An alkaloid enriched fraction from Murraya koenigii (L.) Spreng. Leaves ameliorate HFD-induced obesity and metabolic complexities in C57BL/6J mice.

ETHNOPHARMACOLOGICAL RELEVANCE: Murraya koenigii commonly known as curry leaf, is traditionally used in India to manage various ailments including diabetes mellitus. Curry leaves are well documented in Indian Ayurvedic system of medicine for beneficial effects in skin eruptions, dysentery, emesis, poisonous bites and bruises. The anti-hyperglycemic and anti-hyperlipidemic effects of curry leaf extracts have been demonstrated through several in vitro and in vivo experiments previously. AIM OF THE STUDY: To prepare an alkaloid enriched fraction (AEF) from M. koenigii and its evaluation on i) in vitro adipogenesis process and ii) in vivo high fat diet-induced obesity in C57BL/6J mice. MATERIALS AND METHODS: MKME and AEF were prepared from M. koenigii leaves. The four carbazole alkaloids (bioactive markers) isolated from AEF were quantitatively determined in the leaves by RP-HPLC method. MKME and AEF were studied for anti-obesogenic activity in adipocytes in vitro and in HFD-induced C57BL/6J obese mice in vivo. At the termination of the in vivo study, lipid profile, hepatic and renal injury and glucose levels were analyzed in the blood samples. Animal tissues were examined histopathologically to determine any signs of damage. Repeated dose oral toxicity study for 28 days on Sprague-Dawley rats was also performed to determine the safety profile of AEF. RESULTS: Both MKME and AEF displayed anti-obesogenic activity at 25 µg/ml concentration in vitro and showed 54.06 ± 3.86% and 37.46 ± 3.17% lipid accumulation, respectively compared to control.
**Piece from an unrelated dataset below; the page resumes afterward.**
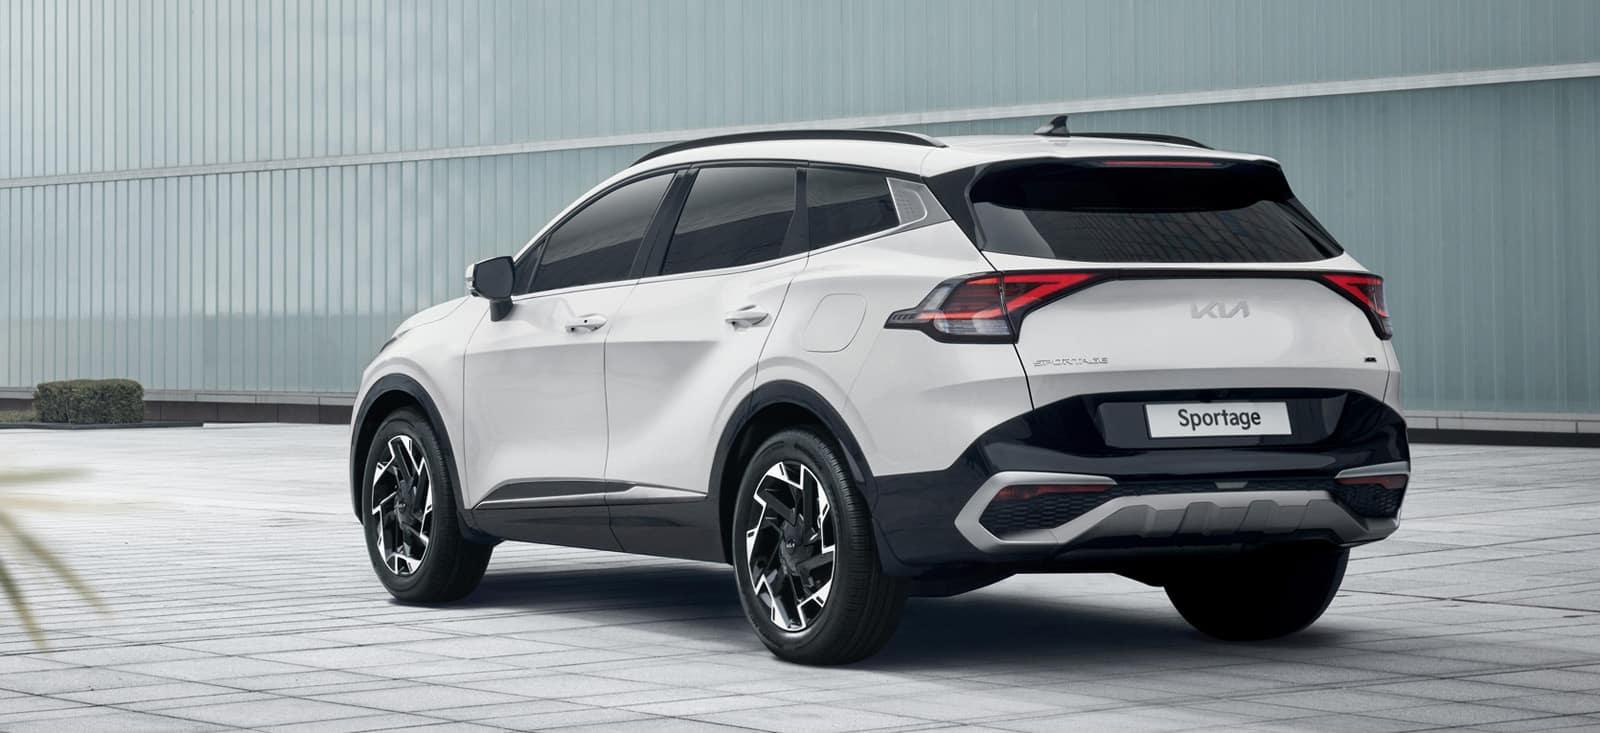 2023 Kia Sportage SUV

Further, supplementation of AEF and MKME in HFD-fed C57BL/6J mice helped in controlling weight gain, improved dyslipidemia and glucose intolerance significantly. AEF showed better anti-obesity activity than MKME both in vitro and in vivo study. Repeated administration of AEF up to 1 g/kg dose for 28 days showed no pathological tissue damage. Both MKME and AEF were standardized using a simple and validated RP-HPLC method. CONCLUSION: Present study was aimed at preparation of a novel alkaloid-enriched fraction from methanolic extract of M. koenigii leaf and its evaluation for anti-diabesity effect. Our results demonstrated AEF to be a promising plant-based therapy for ameliorating obesity and related metabolic complications in HFD-fed C57BL/6J mice.